Mass = (3.0 × 10⁻⁸ moles) × (100,000 g/mol) = 3.0 × 10⁻³ g = 3.0 mg
Step-by-step calculation
Convert nanomoles to moles:
30 nmol = 30 x 10⁻⁹ mol
Use molecular weight to convert moles to grams:
The molecular weight (MW) of the protein is 100 kDa.
Since 1 kDa = 1,000 g/mol, then:
100 kDa = 100,000 g/mol
Now calculate the mass:
mass in grams = 30 x 10⁻⁹ x 100,000 = 3.0 x 10⁻³ g
Convert grams to milligrams:
3.0 x 10⁻³ g = 3.0 mg flat-dose
If you have questions, or if you need help calculating your protein size to flat-dose, contact TRACER.
Does the microdose apply to the drug product or only to the drug substance?
The microdosing limit applies to the precursor/drug substance. Not the labeled product (radionuclide) or drug product. The drug product may include excipients, chelators/linkers, fillers, buffers, etc.
Can a microdose be too small to detect anything?
You visualize the imaging agent, coupled to the compound – not the compound itself. For radionuclides there are predefined doses that can be used, and those are sufficient for imaging. Cameras for optical and nuclear imaging are very sensitive. So, a microdose is sufficient for clear-resolution imaging.
Can the data be used for the FDA and EMA?
Yes, data of a microdosing trial can be used. With your exploratory trial submission, you need to define clear objectives and analytical methods.

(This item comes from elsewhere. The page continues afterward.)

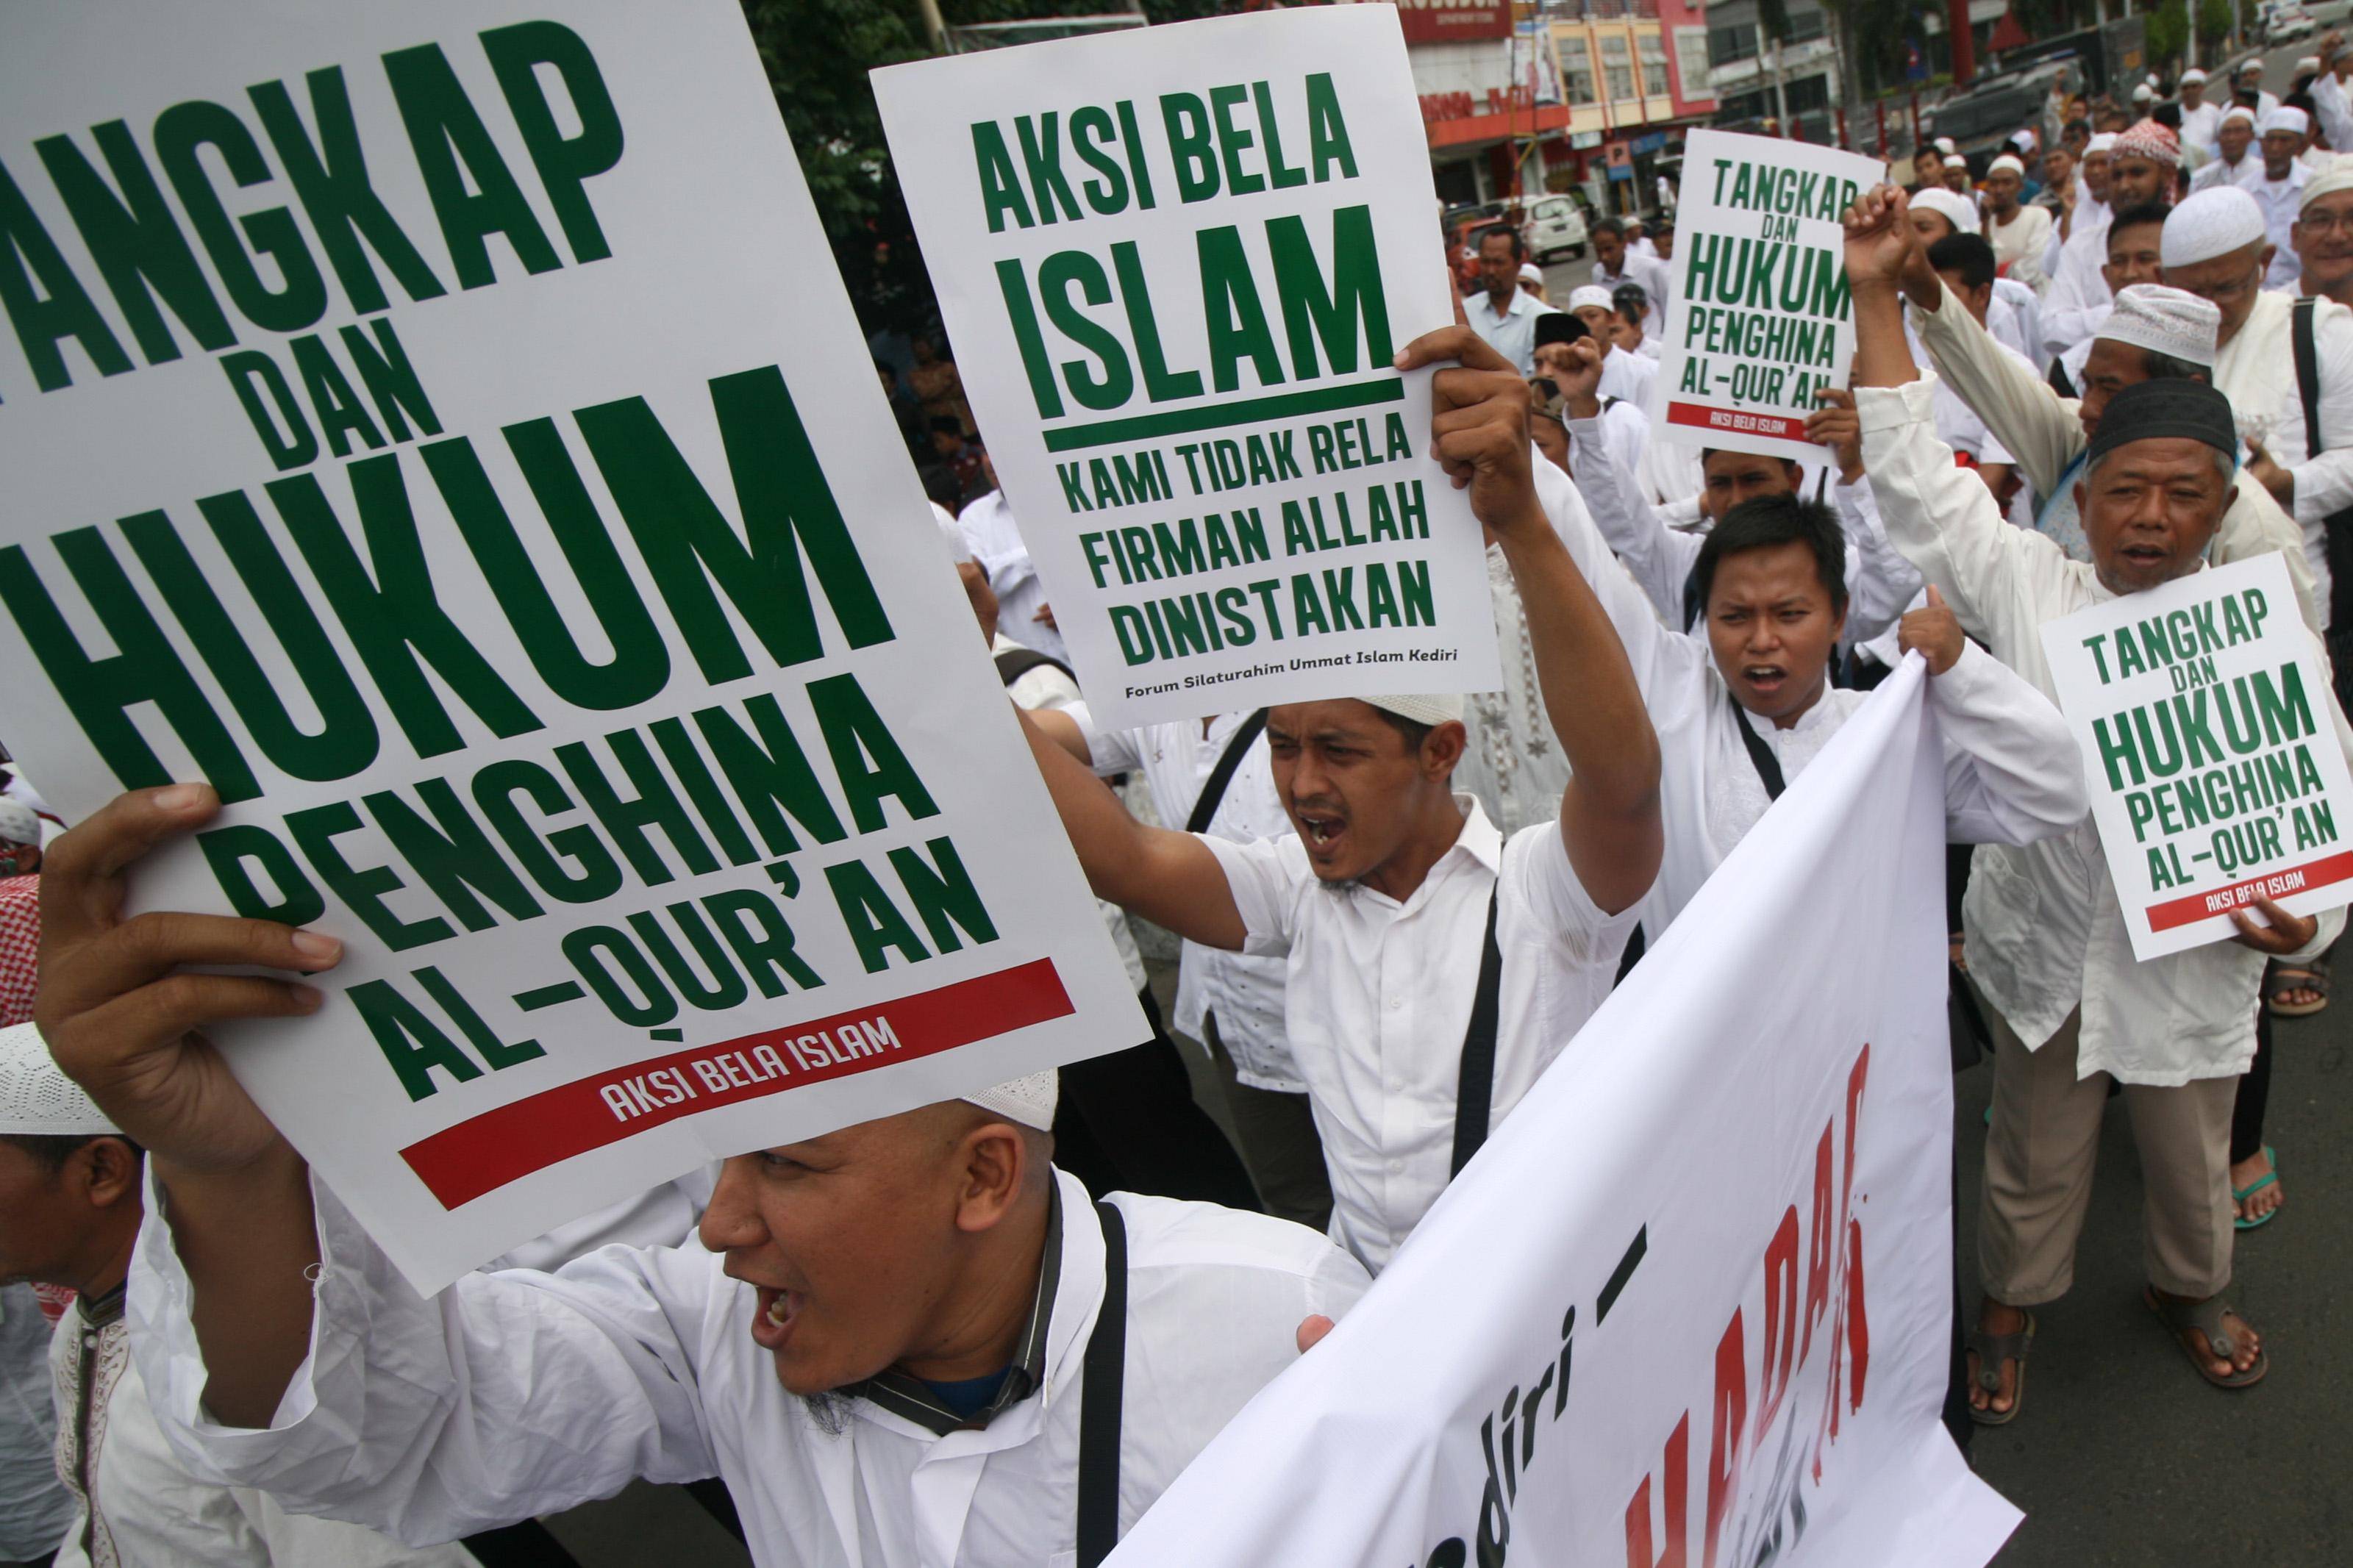 Warga menghadiri doa bersama untuk keselamatan bangsa di Alun-alun Kota Kediri, Jawa Timur, Jumat (2/12). Aksi bela Islam III yang dihadiri ratusan umat muslim se-Kediri Raya tersebut berlangsung tertib dan damai. ANTARA FOTO/Prasetia Fauzani/ama/16

If you’re planning to use microdose data in a regulatory submission, it’s best to discuss this with TRACER. Especially if you want a more flexible trial with an adaptive design. Regulations allow in early phases these more flexible approaches. Data from microdosing studies cannot serve as proof of efficacy but do contribute to the proof of concept. For further study designs, microdosing data can be used. For the FDA, TRACER can support in Clinical Data Interchange Standards Consortium (CDISC) programming of your data.
What are the broader benefits of a microdosing study?

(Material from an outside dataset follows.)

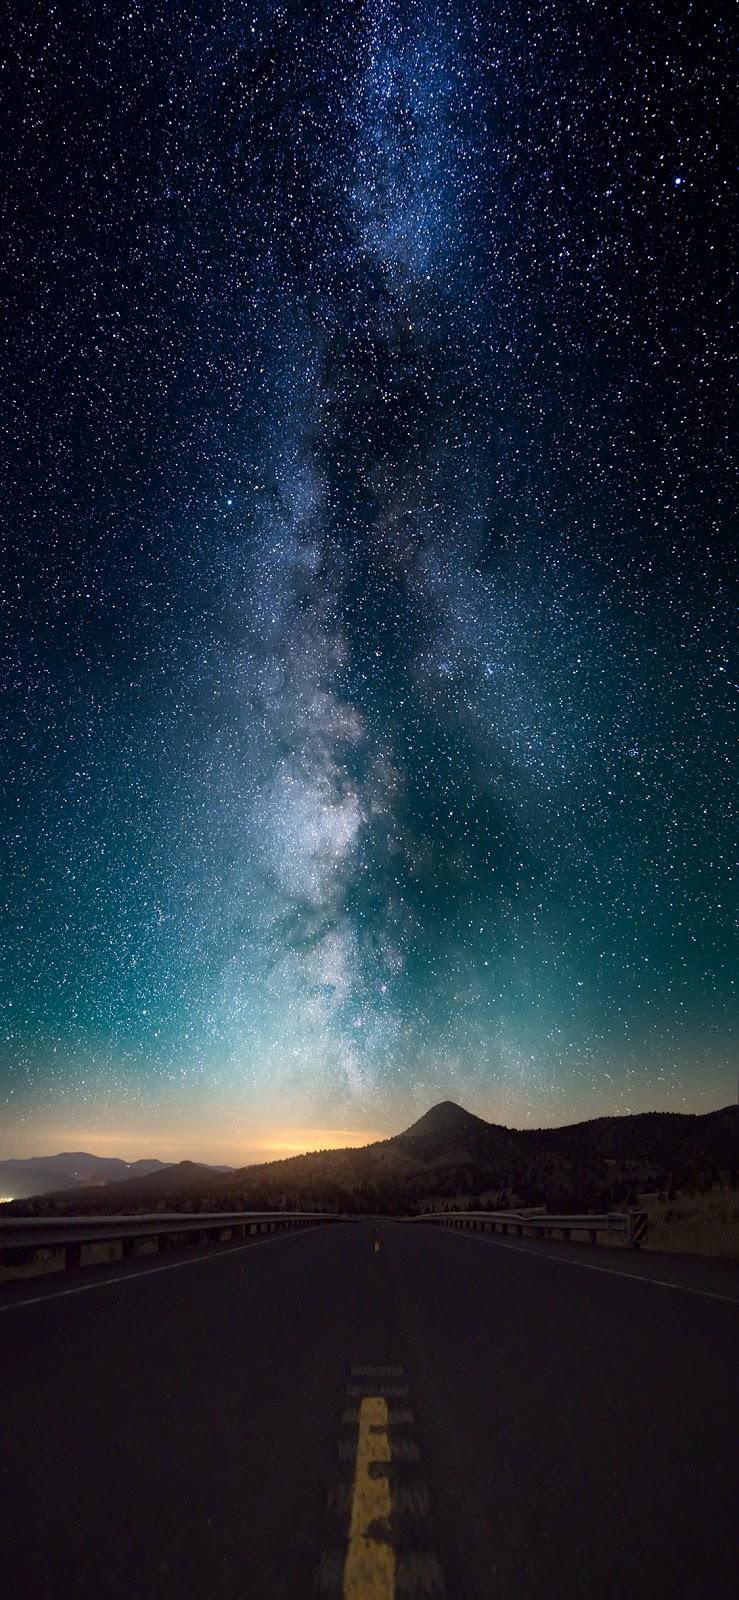 Starry night (iPhone X)

The concept of microdosing study was introduced to lower the failure rate of drugs in clinical trials. But the benefits are broader than that. The result is that fewer resources – lab animals, trial participants, time, and money – are spent on drugs that would otherwise ultimately fail. With Phase 0, those resources remain available for promising compounds. Furthermore, these high promising compounds can be included in better-informed and thus better-designed clinical trials. The objective of Phase 0 microdosing studies, and the mission of TRACER, is to move drugs faster from bench to bed, simply by improving research with better data.